2013-11-24 22:51:58 UTC

Hi,

as I have now noticed for the second time that Google is trying to
crawl through the Perforce web interface and in the process bringing
down the server to a standstill due to overloading, could someone
(with the right permissions) please check in a file robots.txt
(directly under //depot) with something like:

User-agent: *
Disallow: /

This should then hopefully be returned when accessing
http://perforce.openwatcom.org:4000/robots.txt and stop the useless
Google crawler.

Christof

--
http://cmeerw.org sip:cmeerw at cmeerw.org
mailto:cmeerw at cmeerw.org xmpp:cmeerw at cmeerw.org

Marty Stanquist

2013-11-25 00:16:34 UTC

Permalink

"Christof Meerwald" wrote in message news:***@msgid.cmeerw.org...

Hi,

as I have now noticed for the second time that Google is trying to
crawl through the Perforce web interface and in the process bringing
down the server to a standstill due to overloading, could someone
(with the right permissions) please check in a file robots.txt
(directly under //depot) with something like:

User-agent: *
Disallow: /

This should then hopefully be returned when accessing
http://perforce.openwatcom.org:4000/robots.txt and stop the useless
Google crawler.

Christof
--
http://cmeerw.org sip:cmeerw at cmeerw.org
mailto:cmeerw at cmeerw.org xmpp:cmeerw at cmeerw.org

Please review the following change:

Change 37509 created with 1 open file(s).
Submitting change 37509.
Locking 1 files ...
add //depot/robots.txt#1
Change 37509 submitted.

robots.txt
------------
User-agent: *
Disallow: /

Hope this works. Thanks.

Marty

Marty Stanquist

2013-11-25 01:47:41 UTC

Permalink

"Marty Stanquist" wrote in message news:l6u4t5$qqk$***@www.openwatcom.org...

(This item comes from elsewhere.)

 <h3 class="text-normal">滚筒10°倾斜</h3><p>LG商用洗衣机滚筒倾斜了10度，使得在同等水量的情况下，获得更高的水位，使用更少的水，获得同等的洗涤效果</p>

"Christof Meerwald" wrote in message news:***@msgid.cmeerw.org...

Hi,

as I have now noticed for the second time that Google is trying to
crawl through the Perforce web interface and in the process bringing
down the server to a standstill due to overloading, could someone
(with the right permissions) please check in a file robots.txt
(directly under //depot) with something like:

User-agent: *
Disallow: /

This should then hopefully be returned when accessing
http://perforce.openwatcom.org:4000/robots.txt and stop the useless
Google crawler.

Christof
--
http://cmeerw.org sip:cmeerw at cmeerw.org
mailto:cmeerw at cmeerw.org xmpp:cmeerw at cmeerw.org

Please review the following change:

Change 37509 created with 1 open file(s).
Submitting change 37509.
Locking 1 files ...
add //depot/robots.txt#1
Change 37509 submitted.

robots.txt
------------
User-agent: *
Disallow: /

Hope this works. Thanks.

Marty

I'm not sure why the changelist does not show the file //depot/robots.txt,
also why the file does not show up on Perforce Web, but I believe it is in
the correct spot in the depot. Here is the file:

c:\SwDev\OW>p4 print //depot/robots.txt
//depot/robots.txt#3 - edit change 37511 (text)
User-agent: *
Disallow: /

When you access link http://perforce.openwatcom.org:4000/robots.txt, you get
the message:

//depot/robots.txt - protected namespace - access denied.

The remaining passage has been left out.